Jaesung’s was optimized for managing thousands of items and inventory; using it could drastically reduce input costs and time.
And decisively, being checkable anywhere with internet connection appealed most.
“Could you demo it at the company? Seems you’ll need to present before the chairman and executives.”
“If you prepare a computer and projector, yes. On an Intel CPU computer, not Apple.”
“What’s the name of this program?”
“Stockmaster Smith.”
A week later, Jaesung headed to Costco headquarters with mom, bringing a slightly improved Stockmaster Smith (the most common American surname).
Having done numerous investment pitches in his previous life, he explained the product without any tension to 1994 businessmen.
“It definitely looks better than our current program.”
“Since a child made it, anyone can use it easily.
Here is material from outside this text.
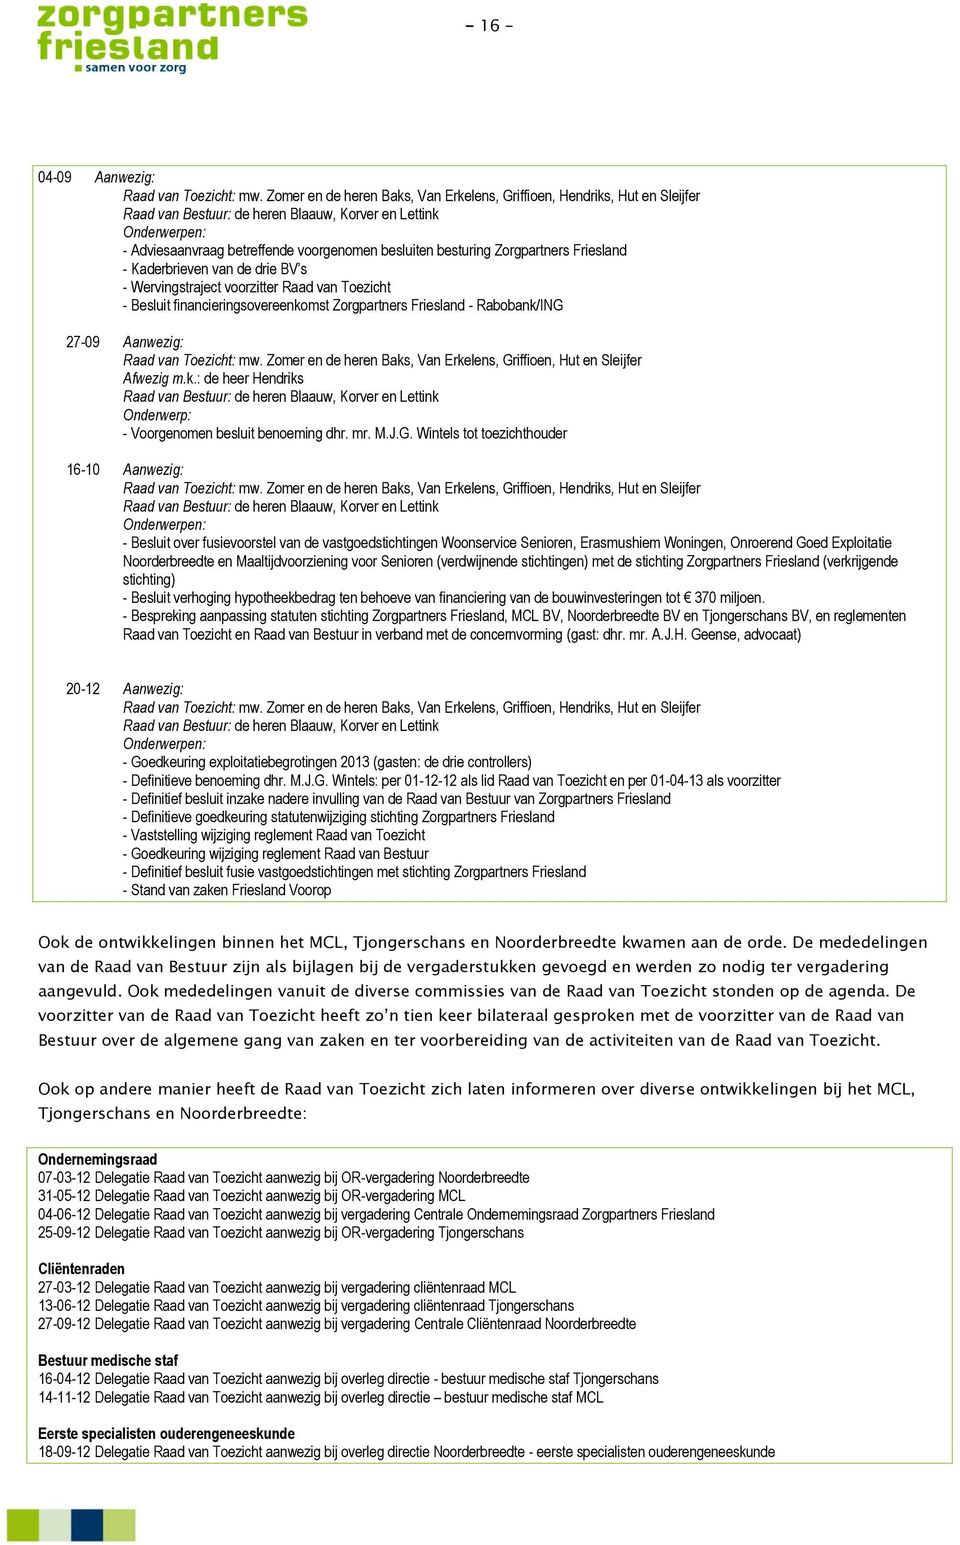 besturing Zorgpartners Friesland - Kaderbrieven van de drie BV s - Wervingstraject voorzitter Raad van Toezicht - Besluit financieringsovereenkomst Zorgpartners Friesland - Rabobank/ING 27-09

The current one is unnecessarily difficult.”
Jaesung boldly excluded prediction functions, citing need for high-spec computers, showing only basic sales and inventory management.
From Jaesung’s view, simple functions, but clean interface, intuitive features, fast processing impressed Chairman Jim Sinegal and executives.
“It might be rude, but did you really make this program yourself?”
“Walter, the store manager, confirmed directly. If doubtful, I can show the creation process and site at my house.”
“It looks good, but stability is a concern. Industrial programs must never have issues.”
“It’ll be more stable than your current product. If doubtful, get external verification.”
Many other questions poured in, but Jaesung neatly resolved doubts.
“We need to check stability, so first trial use in Seattle stores; if no issues, roll out to others.”
Chairman Jim Sinegal accepted using Jaesung’s program, contracting for 5 million dollars on condition of use in Seattle stores.
Since Jaesung was still a middle schooler, test in nearby stores, supplement issues, modify to fit Costco system.
If operating without problems in Seattle stores, additional 5 million dollars, install in all Costco stores.
Customizing to Costco required much work, but handling only about 4,000 items unlike other marts, customization was faster than thought.
“How did you think to make such a program?”
“I go to Costco often with parents, so naturally had these ideas.”
“What middle schooler goes to a mart and thinks to build an inventory management system?”
Jefferson Bezos, watching Costco people come and go while modifying the program together, sighed to Jaesung, saying he didn’t seem like a middle schooler.
He had taught programming, but at some point realized Jaesung’s skills surpassed his, and self-proud smart Jefferson thought kids these days are scary.
Two months passed quickly, and Costco, confirming excellence and stability of Jaesung’s program, paid additional 5 million dollars, installing in all stores.
Dad touched his forehead and sighed seeing Jaesung happy with investment funds back to 10 million dollars, but a San Francisco trip was already booked for next weekend.
Ding dong~!
“Is this Mr. Yoo’s house?”
“Yes, but who are you?”
“You’re Mr. James who made the management system. I’m Jim Wharton.”
A simple-looking white middle-aged man extended his hand to dad for a handshake.